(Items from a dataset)

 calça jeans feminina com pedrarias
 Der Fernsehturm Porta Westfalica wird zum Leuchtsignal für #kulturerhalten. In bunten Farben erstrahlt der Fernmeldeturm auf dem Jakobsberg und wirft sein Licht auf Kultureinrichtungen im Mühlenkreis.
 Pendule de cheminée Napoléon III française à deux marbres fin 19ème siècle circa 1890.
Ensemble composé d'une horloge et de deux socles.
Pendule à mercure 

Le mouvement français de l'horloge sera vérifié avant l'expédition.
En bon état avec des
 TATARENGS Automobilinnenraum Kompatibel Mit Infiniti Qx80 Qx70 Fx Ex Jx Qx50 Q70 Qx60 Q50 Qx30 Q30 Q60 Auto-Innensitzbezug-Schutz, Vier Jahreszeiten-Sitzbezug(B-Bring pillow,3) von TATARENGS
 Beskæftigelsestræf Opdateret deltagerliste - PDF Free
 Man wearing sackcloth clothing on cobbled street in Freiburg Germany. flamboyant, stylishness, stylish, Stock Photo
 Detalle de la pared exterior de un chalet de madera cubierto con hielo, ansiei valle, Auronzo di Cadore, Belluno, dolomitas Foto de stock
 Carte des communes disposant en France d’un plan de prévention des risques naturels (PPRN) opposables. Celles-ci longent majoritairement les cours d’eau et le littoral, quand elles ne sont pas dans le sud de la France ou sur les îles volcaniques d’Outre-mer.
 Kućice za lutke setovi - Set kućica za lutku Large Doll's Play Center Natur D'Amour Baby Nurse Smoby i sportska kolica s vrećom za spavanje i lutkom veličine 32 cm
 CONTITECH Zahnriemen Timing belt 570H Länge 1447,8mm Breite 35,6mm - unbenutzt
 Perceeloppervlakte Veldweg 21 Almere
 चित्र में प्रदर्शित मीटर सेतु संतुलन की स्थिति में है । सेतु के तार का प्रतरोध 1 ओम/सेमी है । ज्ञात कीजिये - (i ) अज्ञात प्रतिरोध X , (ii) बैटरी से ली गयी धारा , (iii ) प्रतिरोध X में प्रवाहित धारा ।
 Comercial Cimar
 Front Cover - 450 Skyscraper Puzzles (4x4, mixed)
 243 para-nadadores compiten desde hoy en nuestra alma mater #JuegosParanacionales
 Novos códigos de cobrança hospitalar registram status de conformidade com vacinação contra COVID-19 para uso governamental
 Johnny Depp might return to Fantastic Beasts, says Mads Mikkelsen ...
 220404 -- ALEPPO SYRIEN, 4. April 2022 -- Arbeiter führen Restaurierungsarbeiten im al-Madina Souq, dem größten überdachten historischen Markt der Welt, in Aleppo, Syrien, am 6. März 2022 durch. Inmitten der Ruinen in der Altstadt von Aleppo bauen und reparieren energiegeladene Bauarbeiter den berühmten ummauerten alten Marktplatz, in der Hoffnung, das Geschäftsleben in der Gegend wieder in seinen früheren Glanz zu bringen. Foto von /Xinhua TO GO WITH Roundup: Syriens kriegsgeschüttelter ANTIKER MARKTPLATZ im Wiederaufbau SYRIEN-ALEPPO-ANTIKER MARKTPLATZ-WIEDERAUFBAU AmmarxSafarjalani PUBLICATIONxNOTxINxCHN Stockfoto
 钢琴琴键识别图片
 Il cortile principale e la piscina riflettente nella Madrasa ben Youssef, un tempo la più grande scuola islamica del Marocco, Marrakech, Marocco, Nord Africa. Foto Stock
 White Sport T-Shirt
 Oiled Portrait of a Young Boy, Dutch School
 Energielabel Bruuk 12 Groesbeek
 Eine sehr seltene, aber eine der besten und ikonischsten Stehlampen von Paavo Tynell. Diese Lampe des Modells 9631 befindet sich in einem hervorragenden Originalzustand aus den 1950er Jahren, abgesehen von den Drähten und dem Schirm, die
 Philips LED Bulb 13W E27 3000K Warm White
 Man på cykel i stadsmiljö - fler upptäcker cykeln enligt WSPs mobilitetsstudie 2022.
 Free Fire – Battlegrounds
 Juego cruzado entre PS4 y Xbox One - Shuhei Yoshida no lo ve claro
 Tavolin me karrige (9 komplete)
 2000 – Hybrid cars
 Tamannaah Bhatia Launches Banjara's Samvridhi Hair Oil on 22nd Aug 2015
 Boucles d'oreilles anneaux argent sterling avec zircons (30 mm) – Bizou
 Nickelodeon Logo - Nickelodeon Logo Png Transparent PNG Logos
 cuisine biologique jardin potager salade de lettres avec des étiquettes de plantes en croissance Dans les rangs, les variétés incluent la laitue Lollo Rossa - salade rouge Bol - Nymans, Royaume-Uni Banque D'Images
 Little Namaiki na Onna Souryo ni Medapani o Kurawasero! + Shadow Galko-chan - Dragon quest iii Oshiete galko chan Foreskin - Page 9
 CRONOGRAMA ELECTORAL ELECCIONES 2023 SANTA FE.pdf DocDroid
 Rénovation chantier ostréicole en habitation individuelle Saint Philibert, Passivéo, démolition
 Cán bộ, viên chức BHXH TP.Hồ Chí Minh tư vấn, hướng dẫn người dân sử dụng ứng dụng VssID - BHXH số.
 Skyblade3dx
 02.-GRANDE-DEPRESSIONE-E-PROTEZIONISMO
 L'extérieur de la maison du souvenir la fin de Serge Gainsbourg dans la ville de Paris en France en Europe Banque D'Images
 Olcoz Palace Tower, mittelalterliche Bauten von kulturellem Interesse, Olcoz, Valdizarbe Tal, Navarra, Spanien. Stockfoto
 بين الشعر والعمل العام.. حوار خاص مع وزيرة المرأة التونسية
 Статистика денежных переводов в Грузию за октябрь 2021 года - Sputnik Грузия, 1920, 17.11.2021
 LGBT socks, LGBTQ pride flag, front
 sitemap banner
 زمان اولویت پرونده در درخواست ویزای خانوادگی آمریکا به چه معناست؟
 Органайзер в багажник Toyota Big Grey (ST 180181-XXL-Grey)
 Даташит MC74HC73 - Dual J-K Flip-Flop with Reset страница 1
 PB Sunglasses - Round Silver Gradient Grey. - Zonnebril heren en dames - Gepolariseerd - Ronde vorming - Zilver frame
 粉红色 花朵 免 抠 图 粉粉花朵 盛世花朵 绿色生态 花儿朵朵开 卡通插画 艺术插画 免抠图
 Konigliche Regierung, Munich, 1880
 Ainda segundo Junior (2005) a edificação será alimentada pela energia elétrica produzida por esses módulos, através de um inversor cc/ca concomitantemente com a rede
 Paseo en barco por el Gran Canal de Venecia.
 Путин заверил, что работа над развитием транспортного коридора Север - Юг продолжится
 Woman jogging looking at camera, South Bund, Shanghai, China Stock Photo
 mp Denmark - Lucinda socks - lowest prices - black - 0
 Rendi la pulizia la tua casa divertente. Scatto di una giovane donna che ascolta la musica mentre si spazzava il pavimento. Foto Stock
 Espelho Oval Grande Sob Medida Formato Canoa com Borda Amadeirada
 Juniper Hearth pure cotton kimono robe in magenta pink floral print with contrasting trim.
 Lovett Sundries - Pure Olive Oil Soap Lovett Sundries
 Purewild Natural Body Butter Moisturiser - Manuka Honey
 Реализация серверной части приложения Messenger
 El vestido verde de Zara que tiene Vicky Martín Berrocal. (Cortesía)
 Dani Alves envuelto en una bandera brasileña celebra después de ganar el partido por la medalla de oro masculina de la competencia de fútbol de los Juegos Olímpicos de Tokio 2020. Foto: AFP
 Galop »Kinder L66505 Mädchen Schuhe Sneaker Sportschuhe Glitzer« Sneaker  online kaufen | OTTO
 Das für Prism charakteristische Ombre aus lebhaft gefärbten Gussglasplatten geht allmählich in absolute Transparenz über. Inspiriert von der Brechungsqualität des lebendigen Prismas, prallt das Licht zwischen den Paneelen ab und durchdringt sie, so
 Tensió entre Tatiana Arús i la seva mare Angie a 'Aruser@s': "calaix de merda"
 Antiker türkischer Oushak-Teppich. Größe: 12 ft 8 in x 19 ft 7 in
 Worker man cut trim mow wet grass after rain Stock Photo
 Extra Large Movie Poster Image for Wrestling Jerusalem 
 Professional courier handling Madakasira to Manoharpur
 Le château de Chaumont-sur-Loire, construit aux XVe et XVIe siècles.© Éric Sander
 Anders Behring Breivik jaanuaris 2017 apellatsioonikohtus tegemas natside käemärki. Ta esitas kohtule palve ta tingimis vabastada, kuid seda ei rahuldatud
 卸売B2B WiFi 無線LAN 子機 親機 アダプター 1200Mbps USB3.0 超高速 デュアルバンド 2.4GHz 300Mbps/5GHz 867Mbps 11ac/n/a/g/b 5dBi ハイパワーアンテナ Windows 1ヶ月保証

**Required work**. Copy each line above that contains the string "Grey".

**Response to the exercise**.
 Органайзер в багажник Toyota Big Grey (ST 180181-XXL-Grey)
 PB Sunglasses - Round Silver Gradient Grey. - Zonnebril heren en dames - Gepolariseerd - Ronde vorming - Zilver frame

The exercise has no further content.